设AB为小线段,CD为有理线段,在CD上作矩形CE等于AB上的正方形,宽度为CF。
[II. 7] Let then FM be bisected at the point N, and let NO be drawn through N parallel to either of the straight lines CD, ML; therefore each of the rectangles FO, NL is equal to the rectangle AG, GB. And, since twice the rectangle AG, GB is medial and is equal to FL, therefore FL is also medial.
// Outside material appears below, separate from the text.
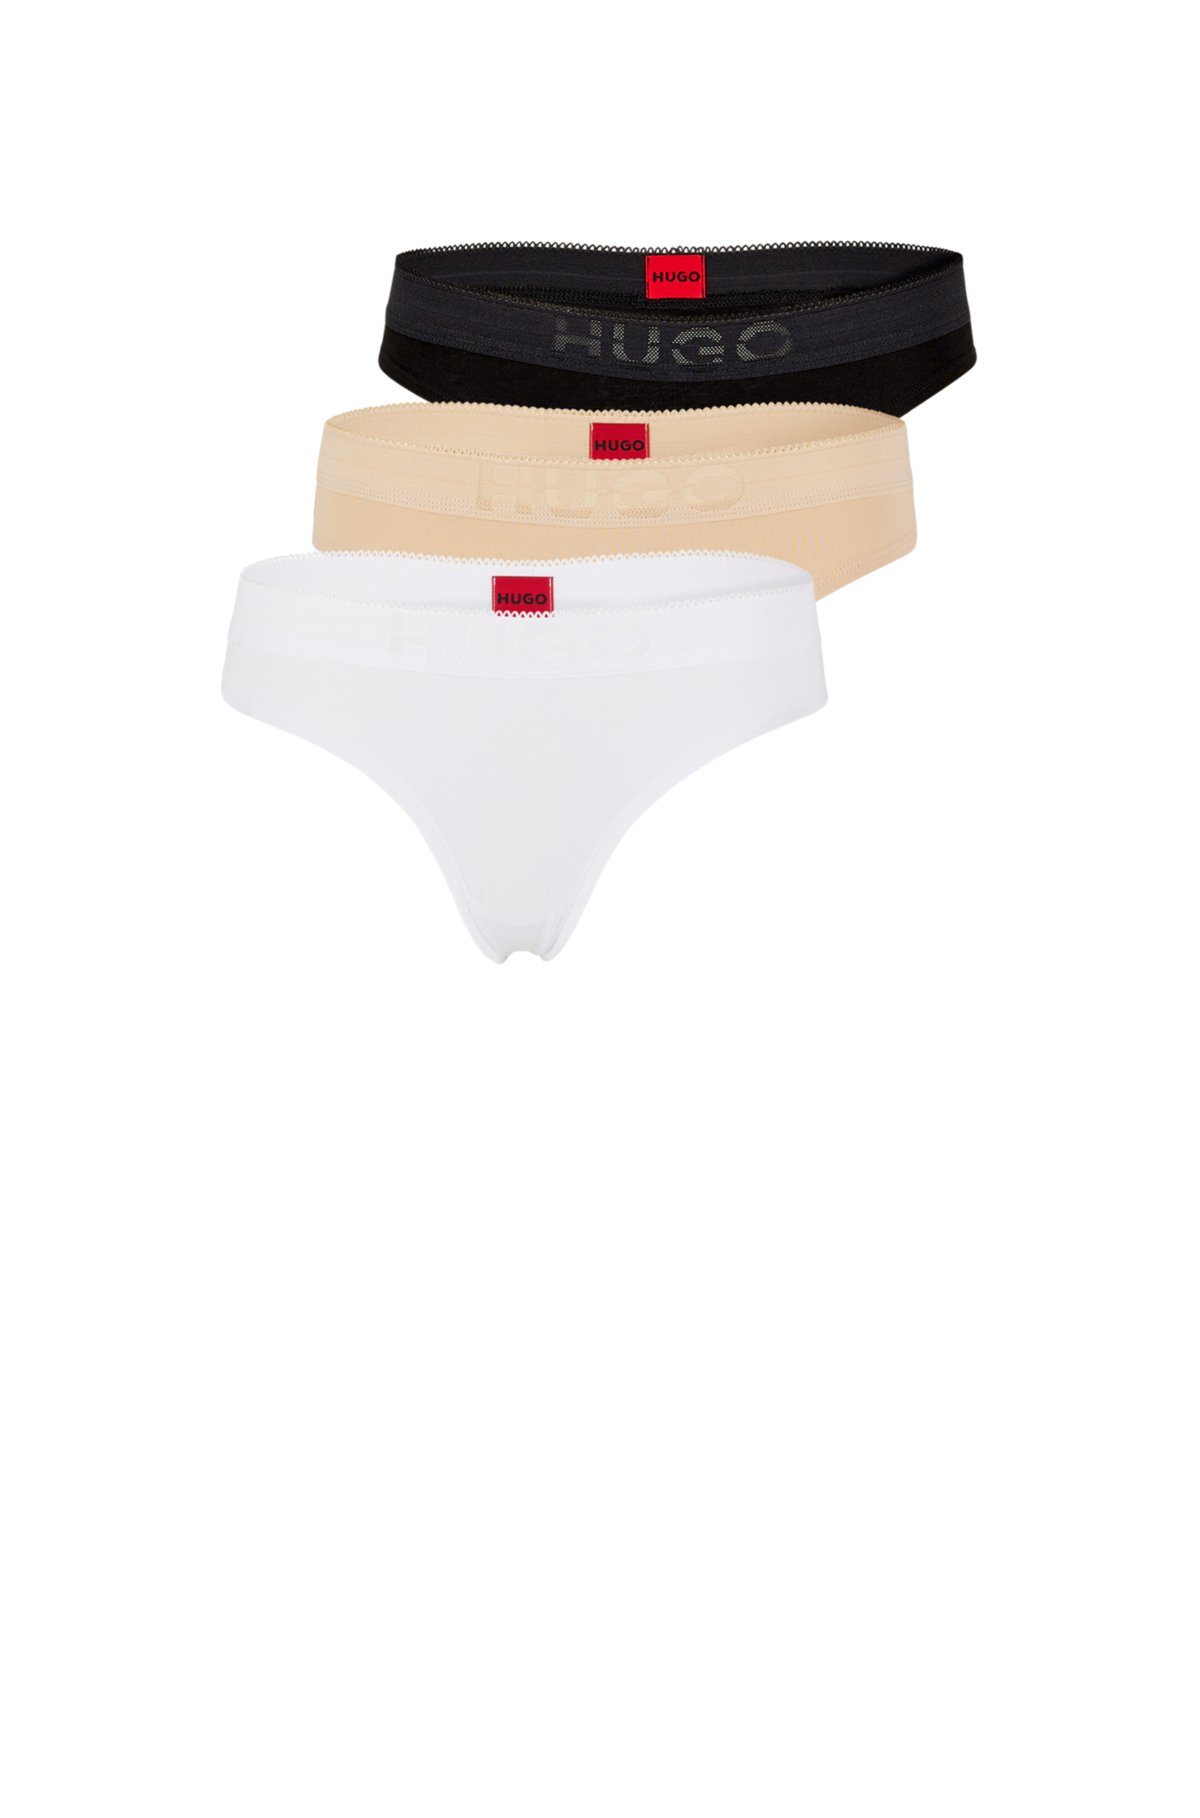 HUGO - Three-pack in cotton of thongs stretch logo

And it is applied to the rational straight line FE, producing FM as breadth; therefore FM is rational and incommensurable in length with CD. [X. 22] And, since the sum of the squares on AG, GB is rational, while twice the rectangle AG, GB is medial, the squares on AG, GB are incommensurable with twice the rectangle AG, GB. But CL is equal to the squares on AG, GB, and FL equal to twice the rectangle AG, GB; therefore CL is incommensurable with FL.
取AB的附加线段BG,则AG、GB平方不可通约,且AG、GB平方和有理,而二倍矩形AG、GB中项。
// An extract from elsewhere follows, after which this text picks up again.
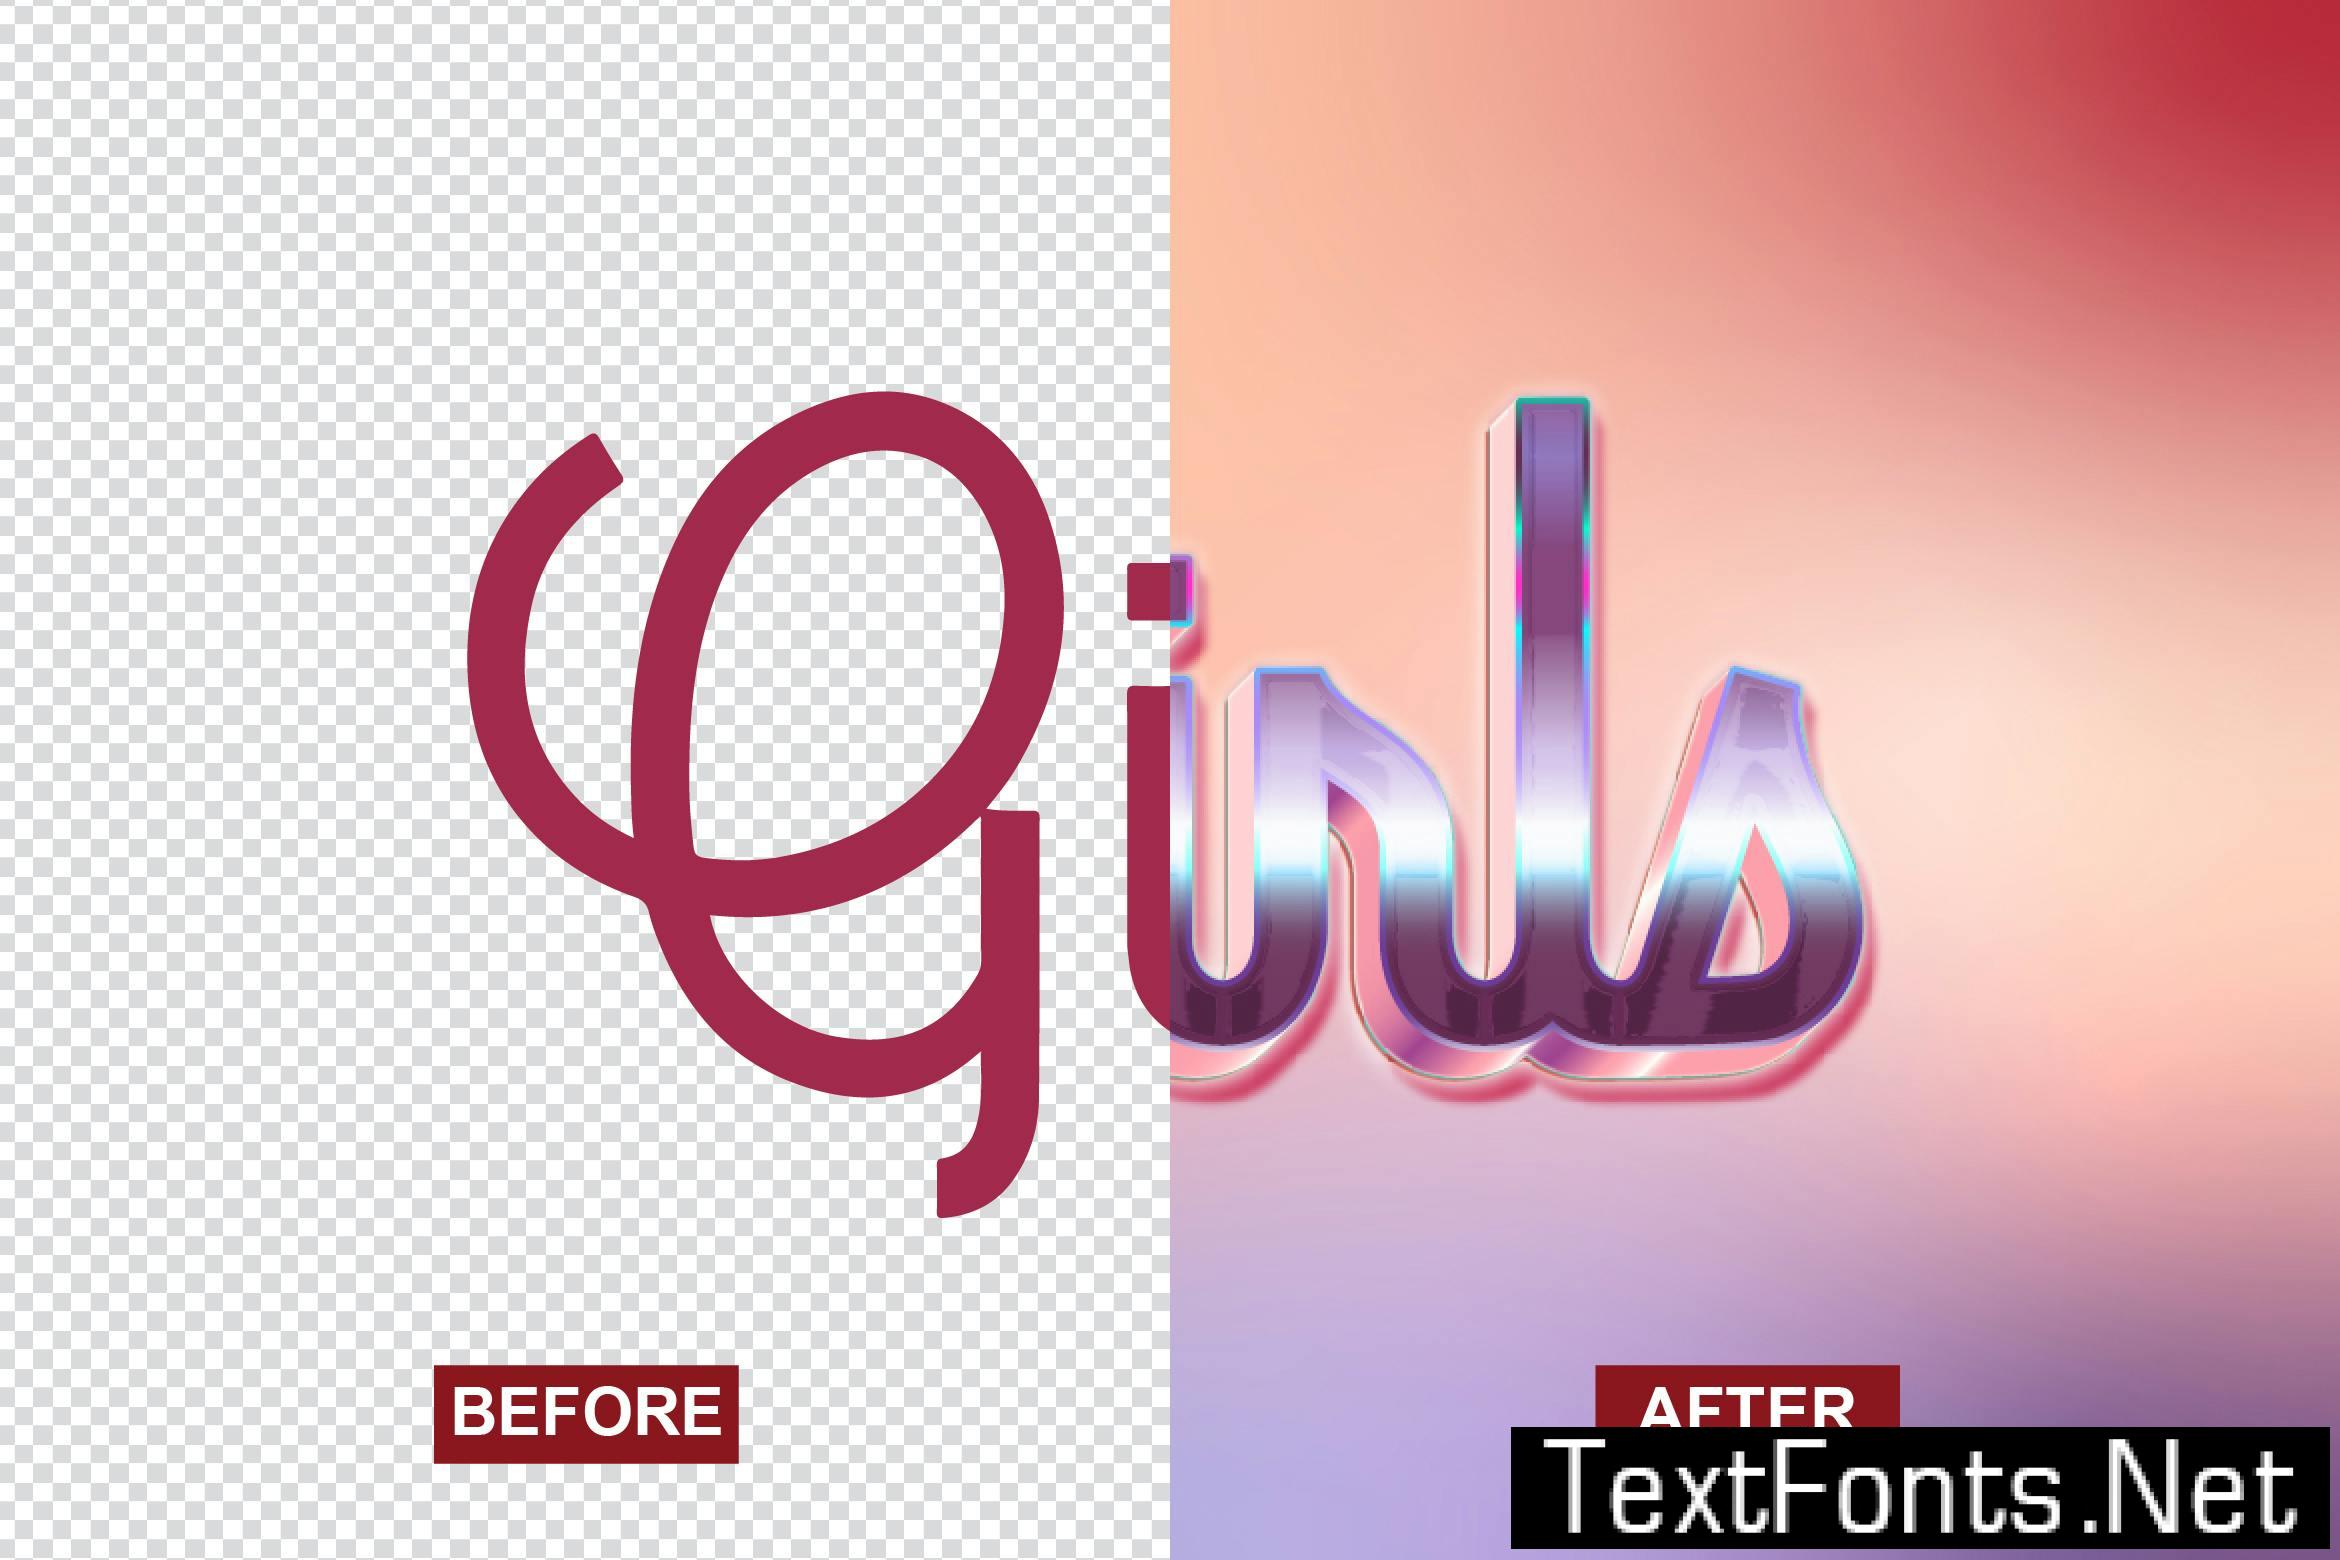 3d text layer style photoshop

But, as CL is to FL, so is CM to MF; [VI. 1] therefore CM is incommensurable in length with MF. [X. 11] And both are rational; therefore CM, MF are rational straight lines commensurable in square only; therefore CF is an apotome. [X. 73] I say that it is also a fourth apotome. For, since AG, GB are incommensurable in square, therefore the square on AG is also incommensurable with the square on GB. And CH is equal to the square on AG, and KL equal to the square on GB; therefore CH is incommensurable with KL.
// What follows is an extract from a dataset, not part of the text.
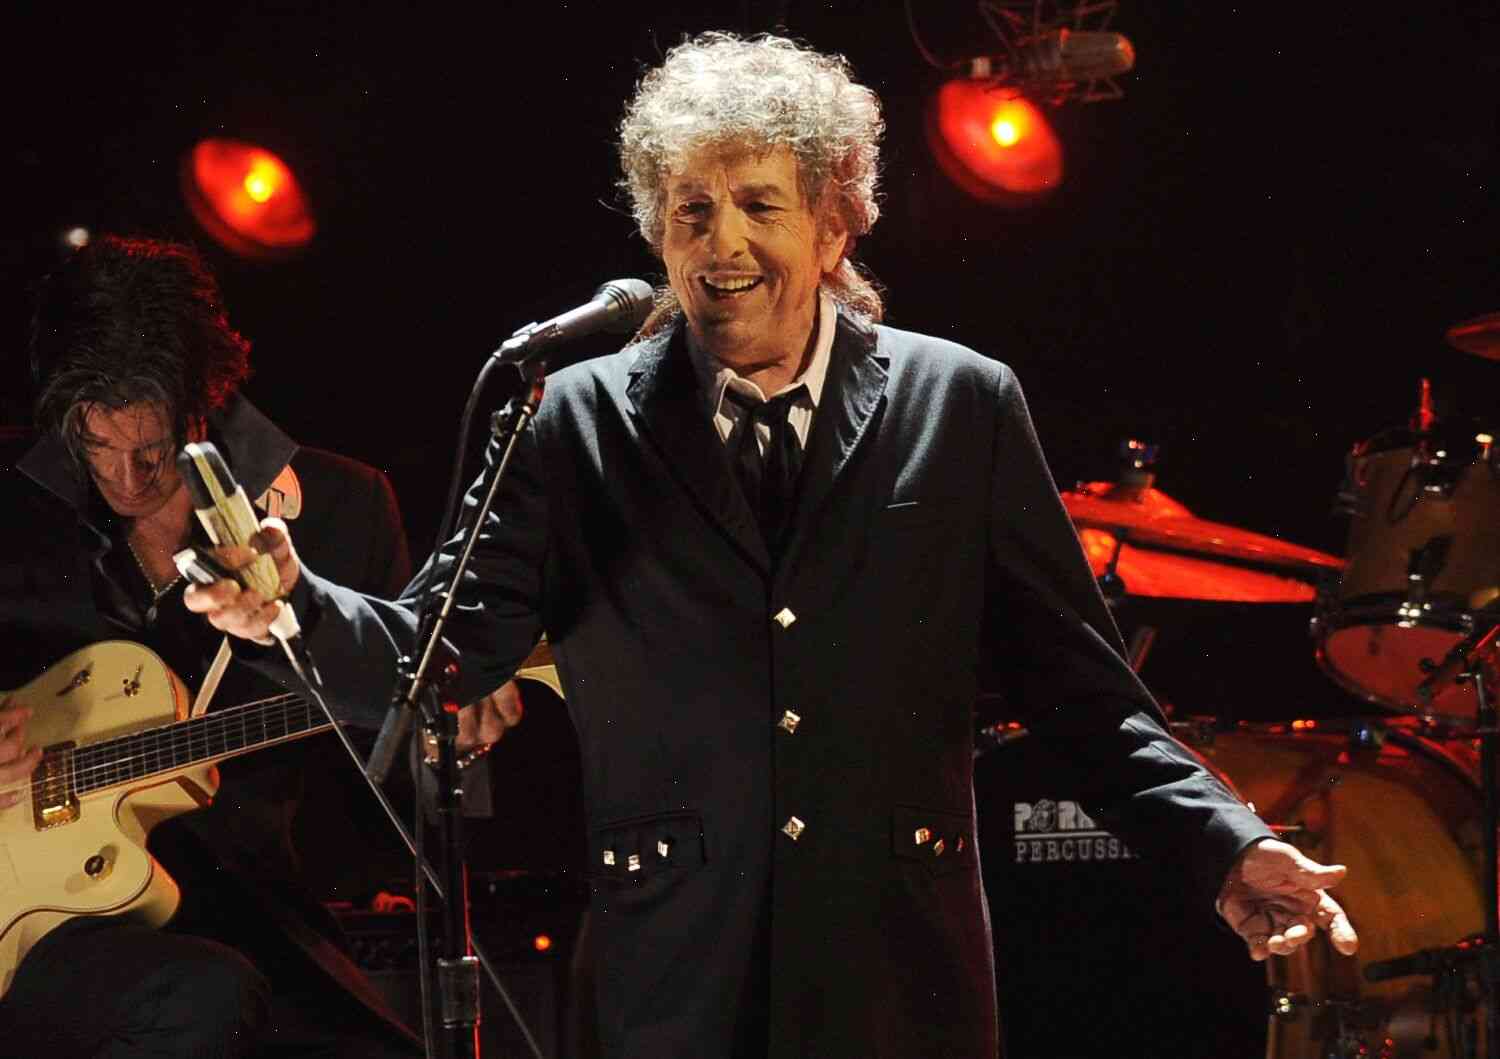 HarperCollins Gives Bob Dylan a Free Advance of $10,000

在CD上作CH等于AG上的正方形,宽度CK;KL等于GB上的正方形,宽度KM;则CL等于AG、GB平方和,为有理,故CM有理且与CD长度可通约。
But, as CH is to KL, so is CK to KM; [VI. 1] therefore CK is incommensurable in length with KM. [X. 11] And, since the rectangle AG, GB is a mean proportional between the squares on AG, GB, and the square on AG is equal to CH, the square on GB to KL, and the rectangle AG, GB to NL, therefore NL is a mean proportional between CH, KL; therefore, as CH is to NL, so is NL to KL. But, as CH is to NL, so is CK to NM, and, as NL is to KL, so is NM to KM; [VI. 1] therefore, as CK is to MN, so is MN to KM; [V. 11] therefore the rectangle CK, KM is equal to the square on MN [VI. 17], that is, to the fourth part of the square on FM. Since then CM, MF are two unequal straight lines, and the rectangle CK, KM equal to the fourth part of the square on MF and deficient by a square figure has been applied to CM and divides it into incommensurable parts, therefore the square on CM is greater than the square on MF by the square on a straight line incommensurable with CM. [X. 18] And the whole CM is commensurable in length with the rational straight line CD set out; therefore CF is a fourth apotome.
FL等于二倍矩形AG、GB,为中项,故FM有理且与CD长度不可通约;又CM与MF平方仅可通约,故CF为余线;且CK与KM长度不可通约,矩形CK、KM等于FM平方的四分之一,故CF为第四余线。